== GIVEN INFORMATION ==
--------------------------------

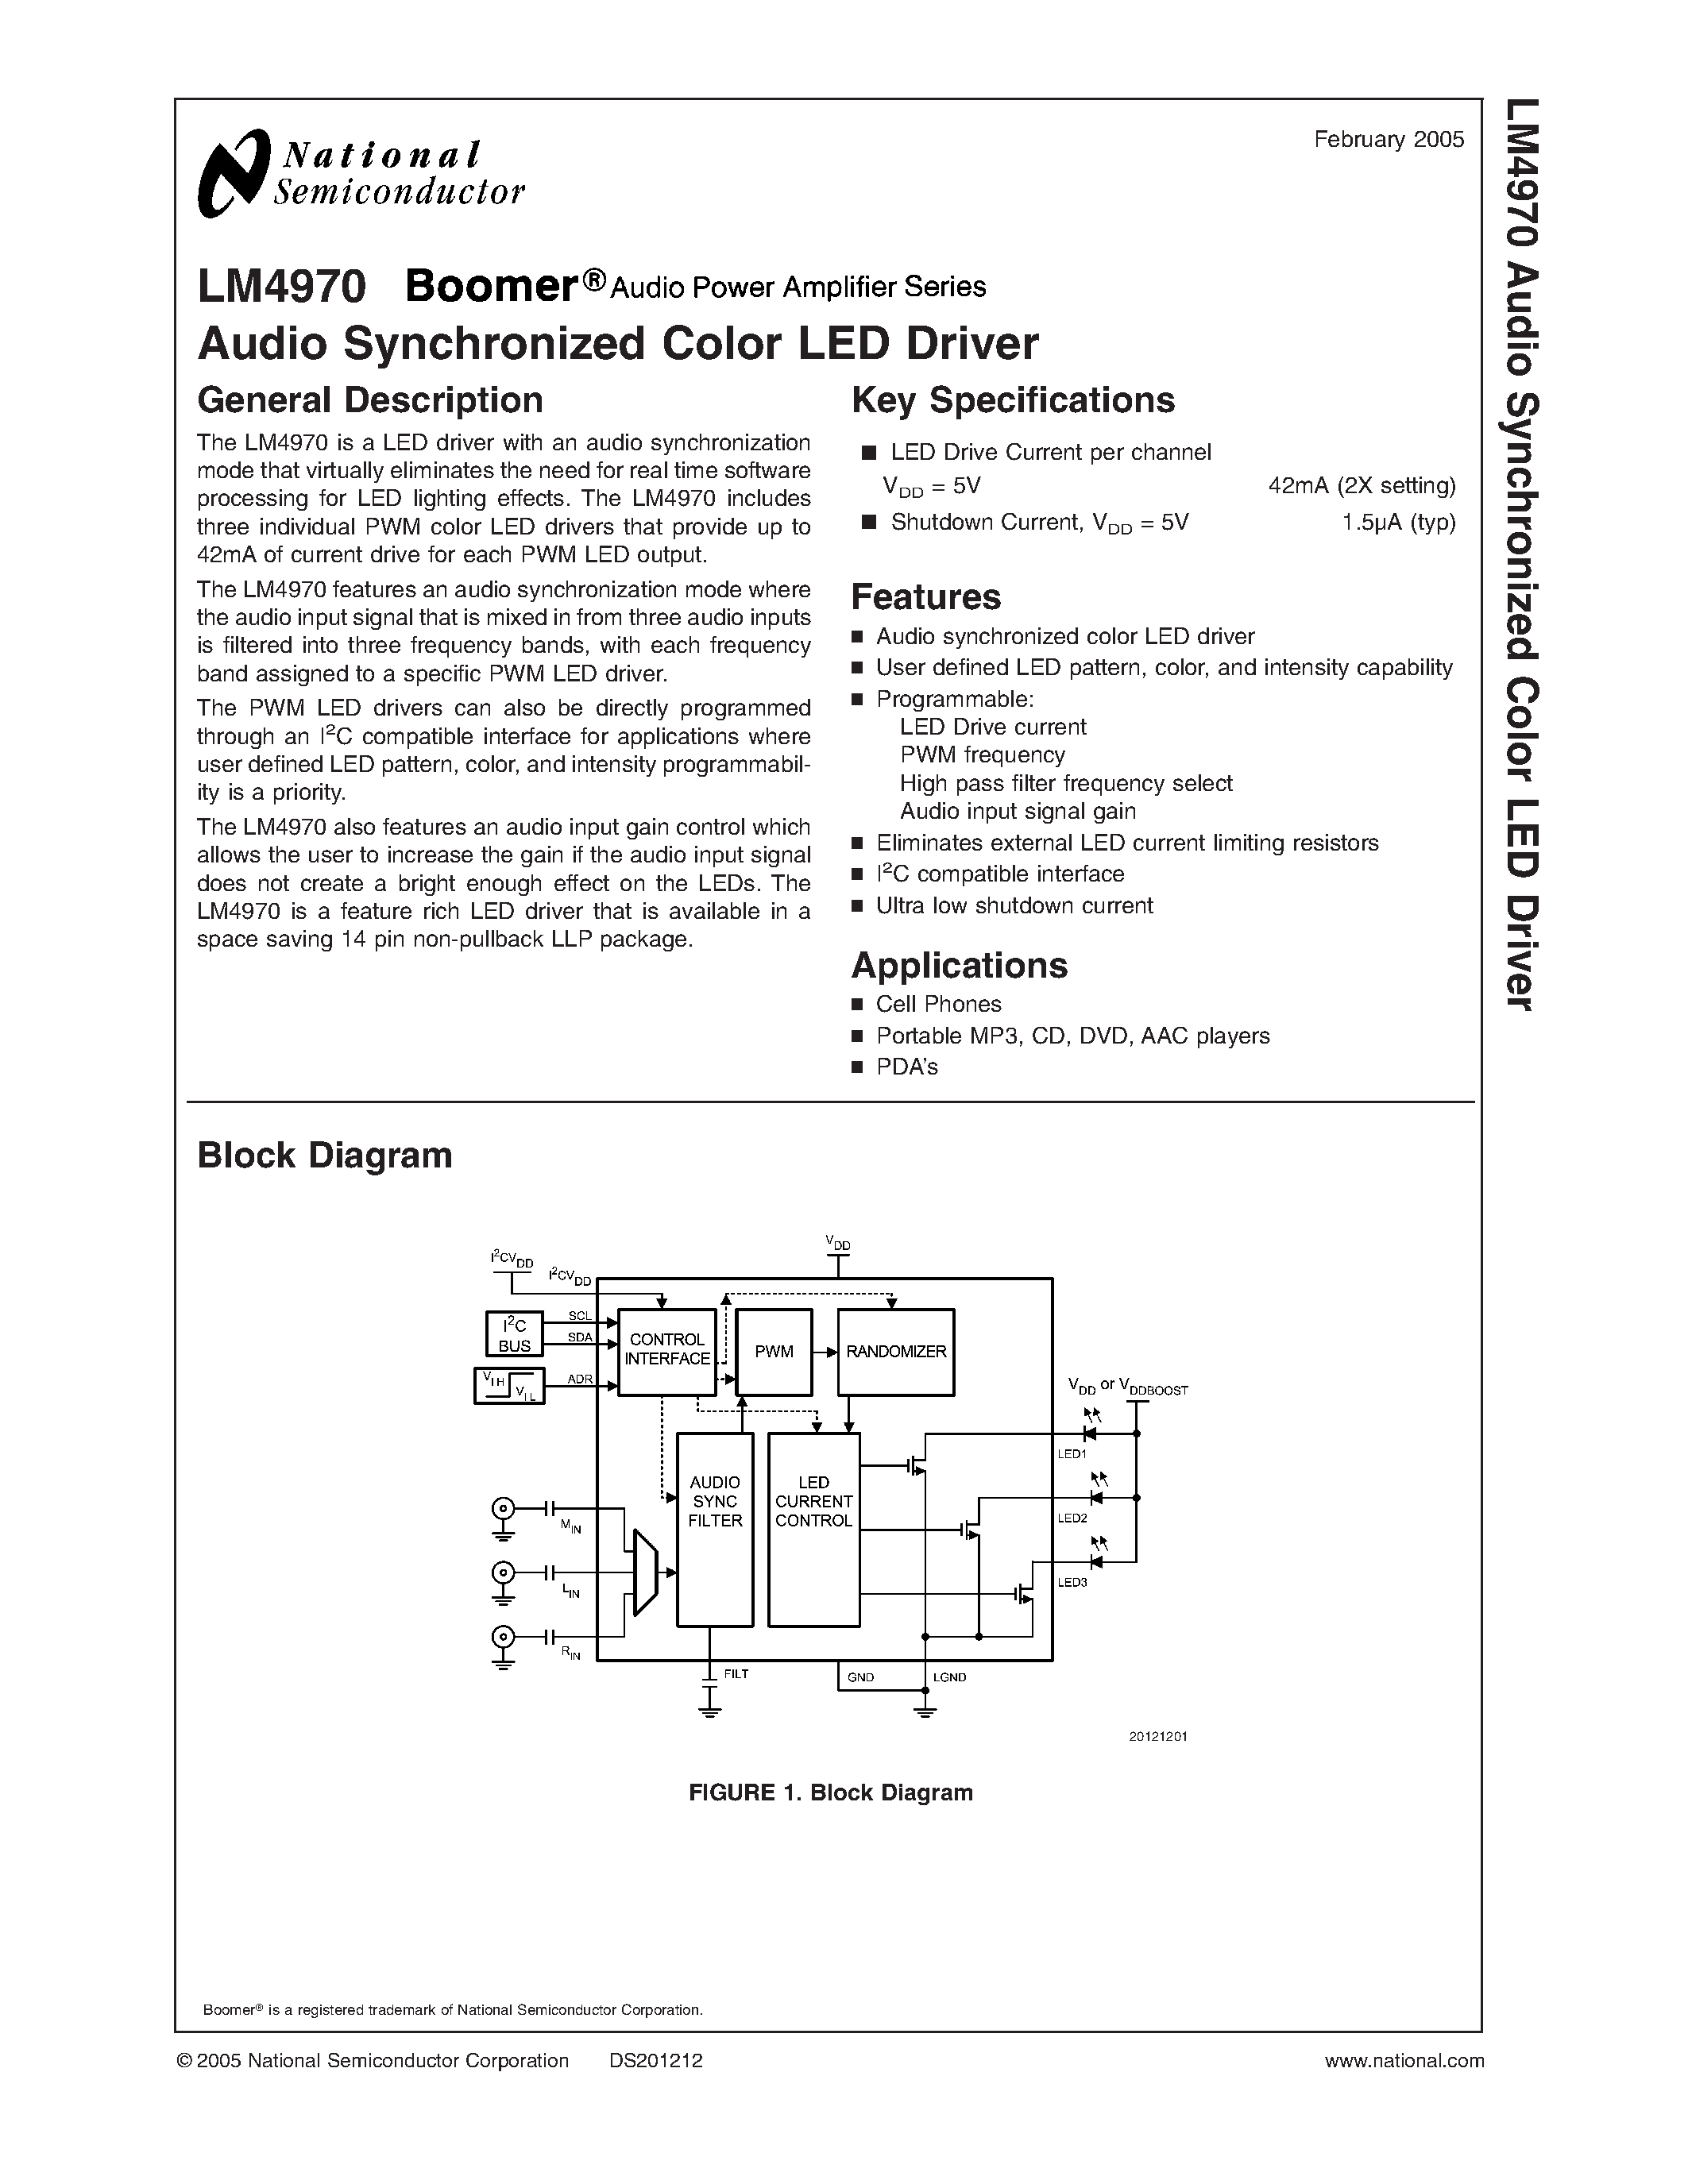 Даташит LM4970 - Audio Synchronized Color LED Driver страница 1
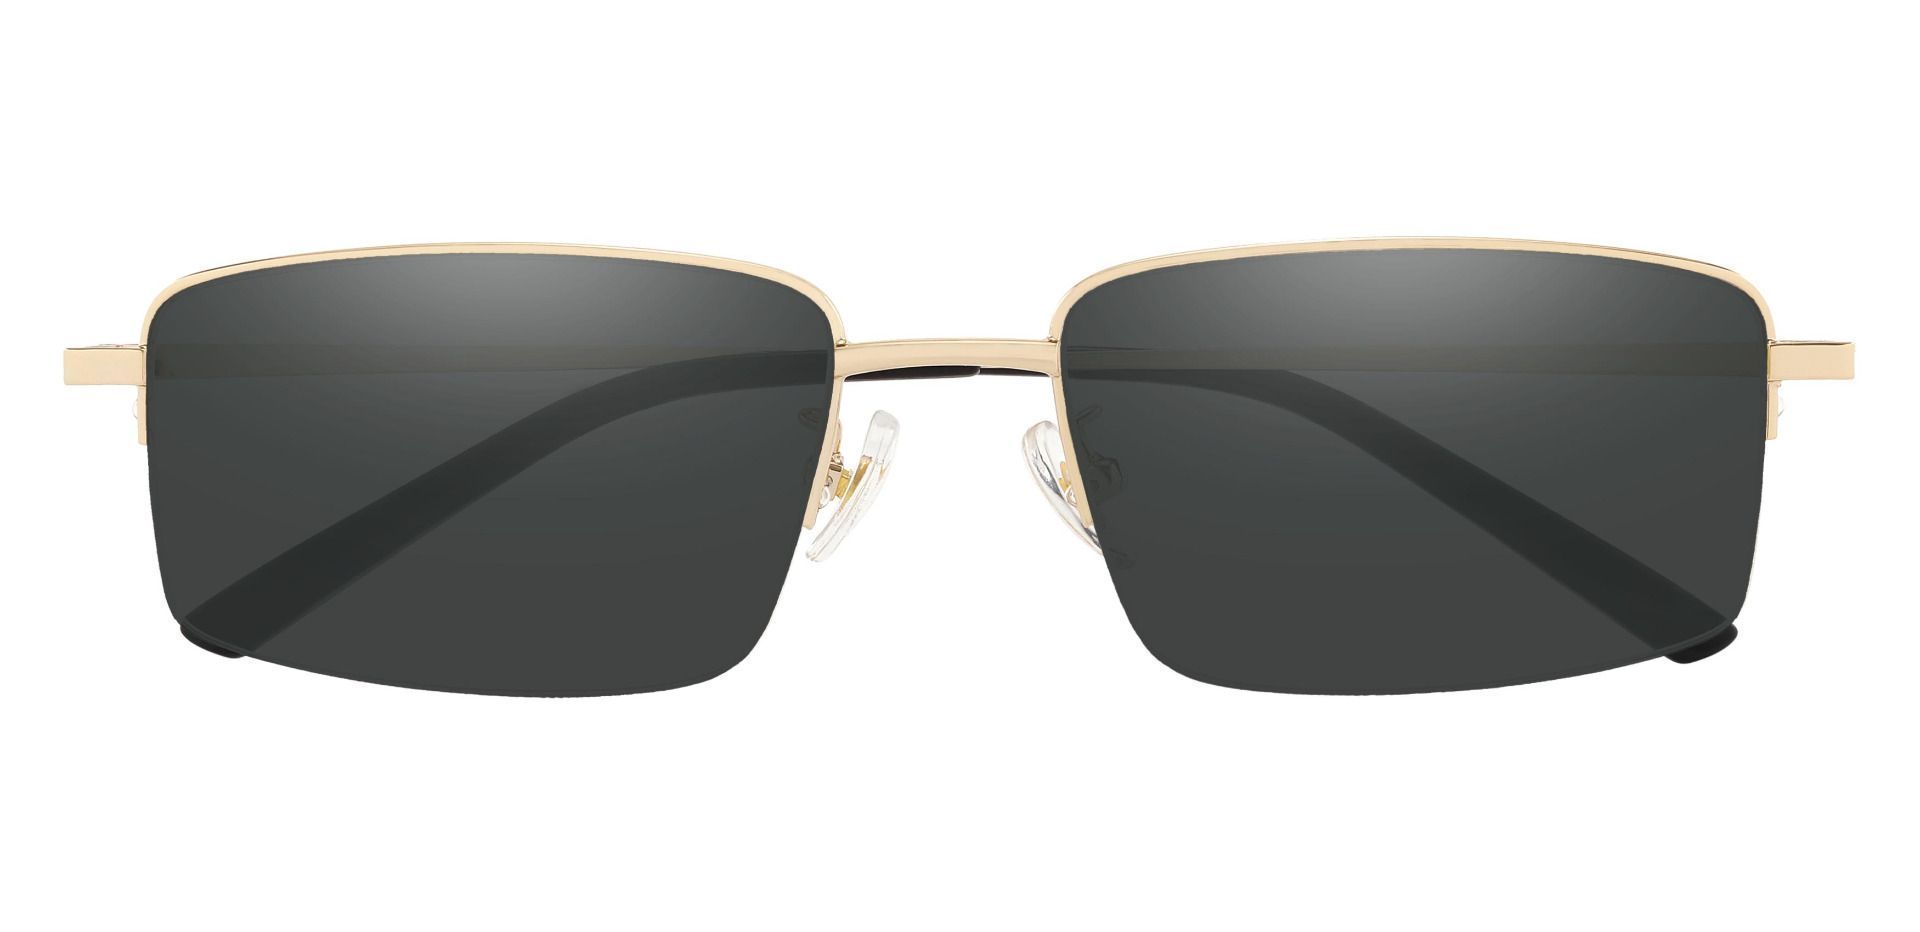 Wayne Rectangle Progressive Sunglasses - Gold Frame With Gray Lenses
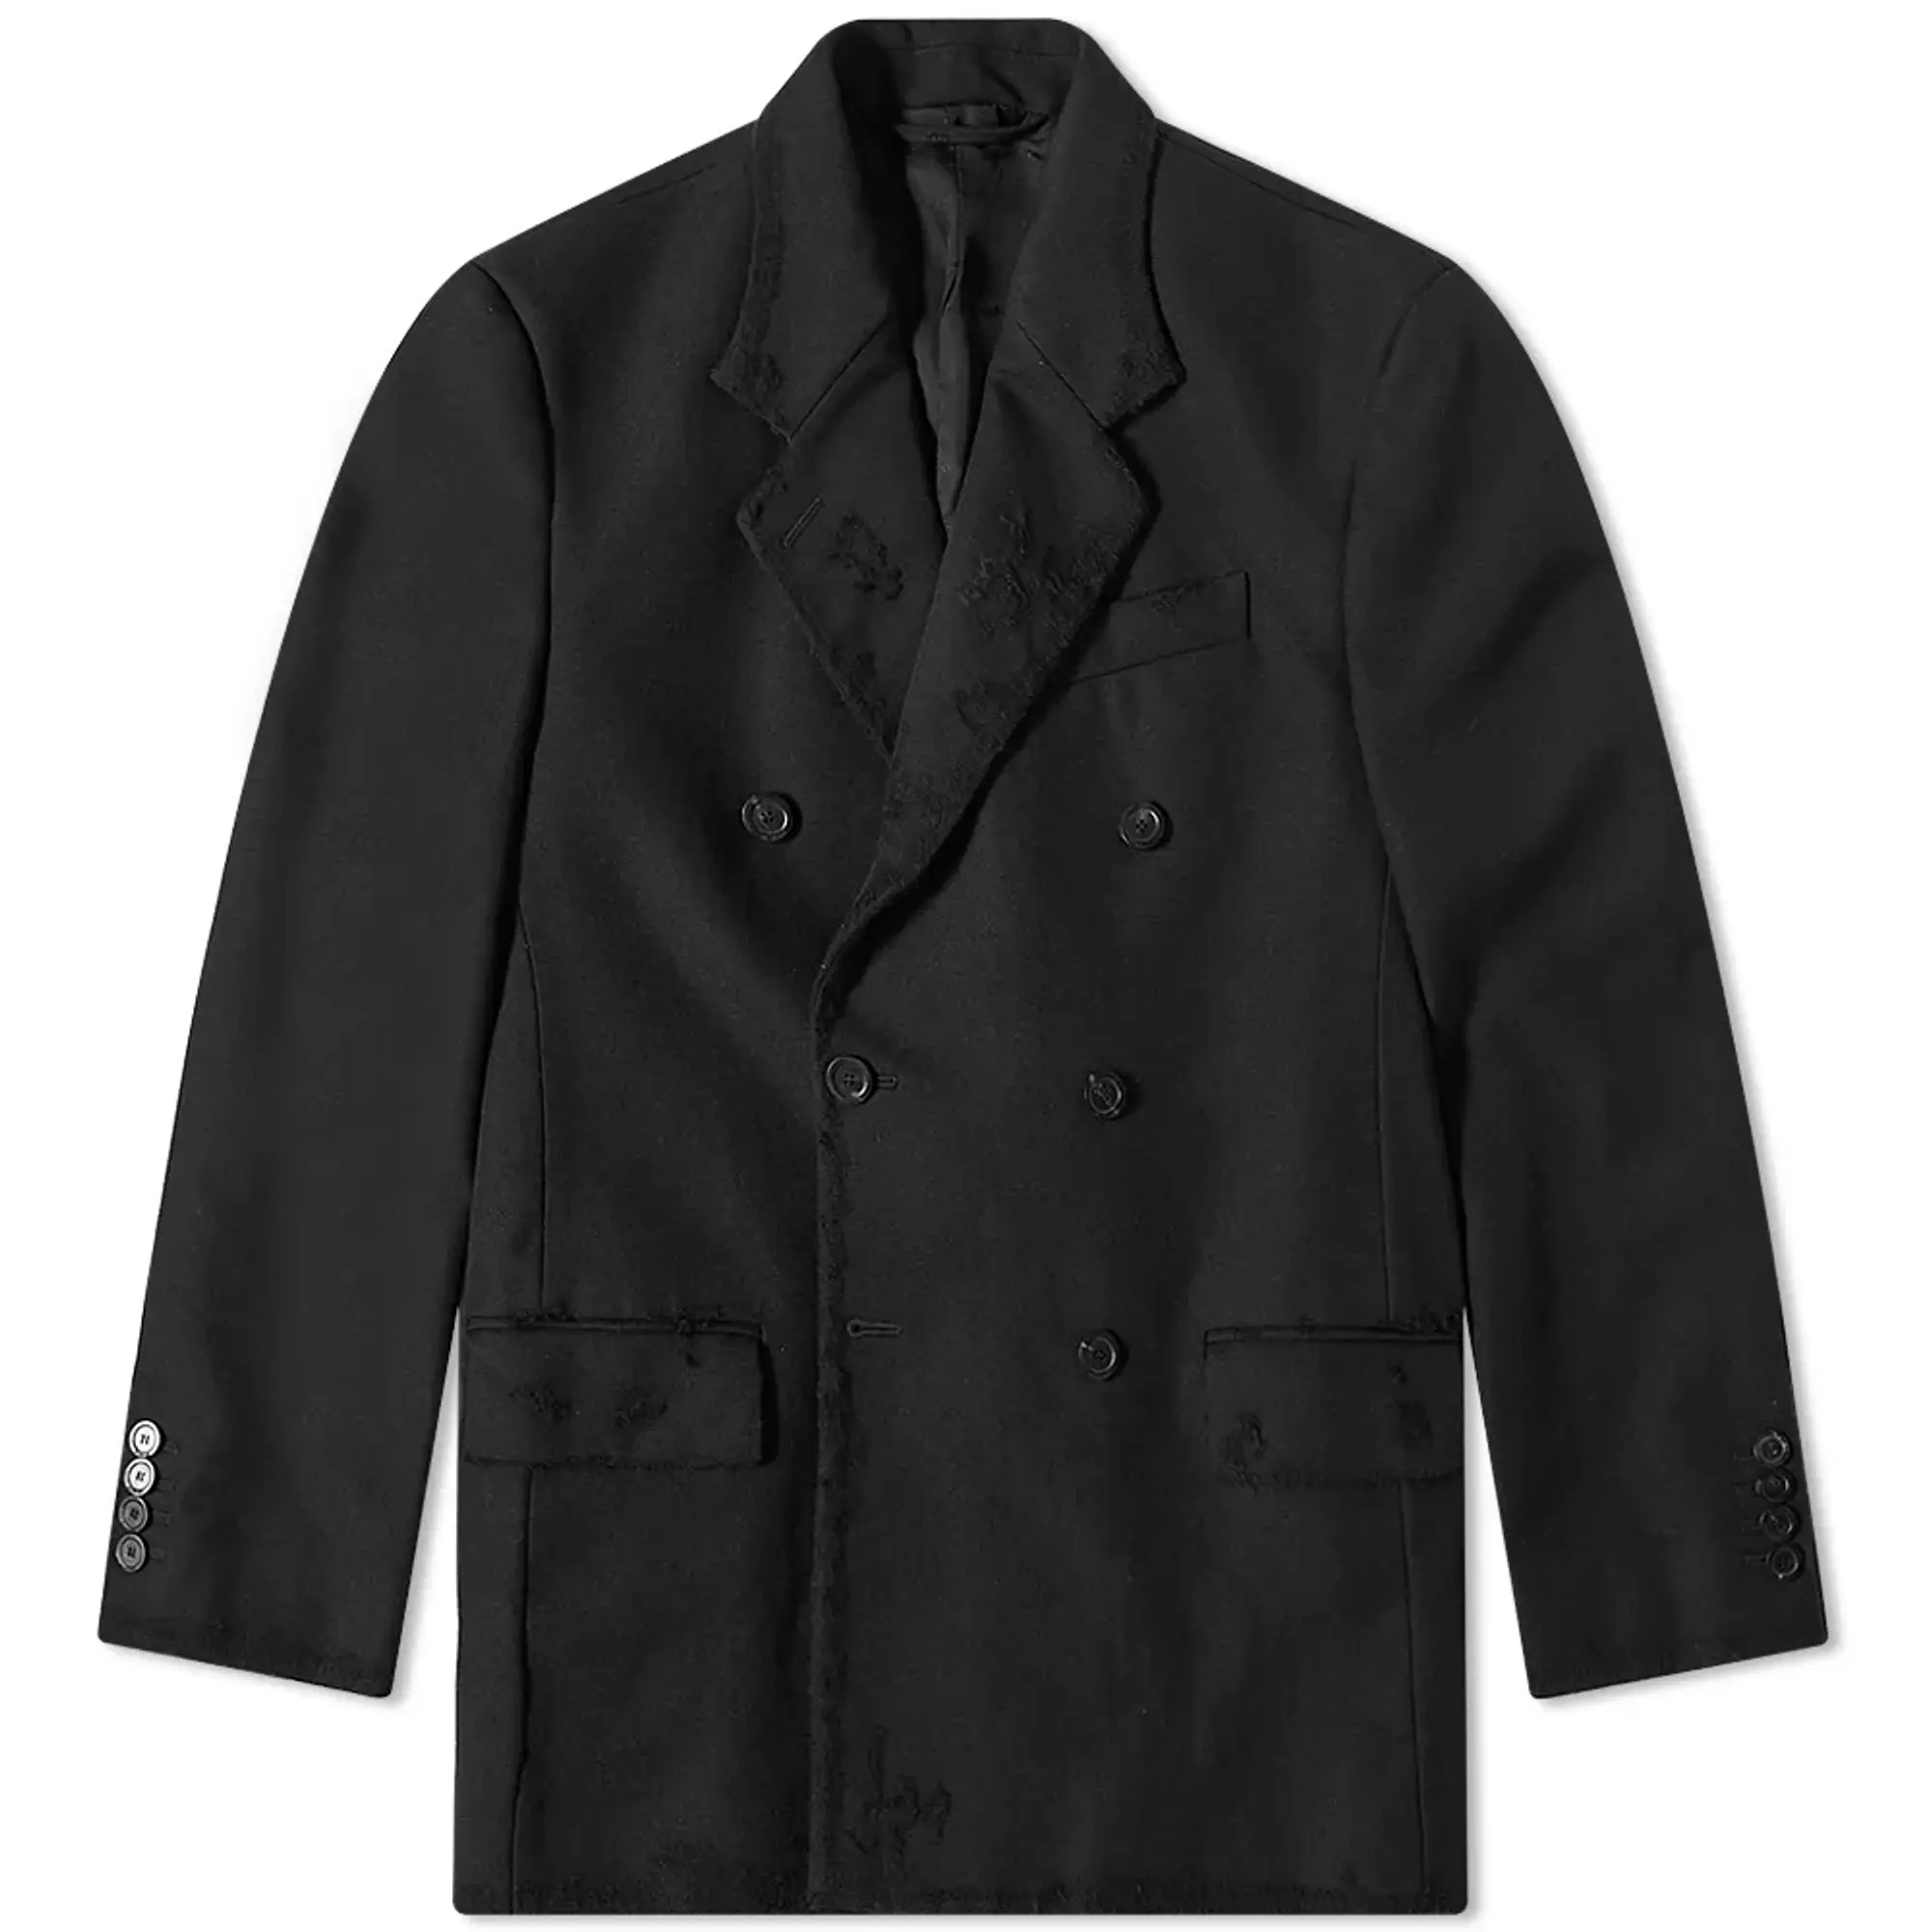 Balenciaga Men's Shrunk Suit Jacket Black

--------------------------------

Output the data exactly, pictures omitted.

== WRITTEN SOLUTION ==
 Даташит LM4970 - Audio Synchronized Color LED Driver страница 1
 Wayne Rectangle Progressive Sunglasses - Gold Frame With Gray Lenses
 Balenciaga Men's Shrunk Suit Jacket Black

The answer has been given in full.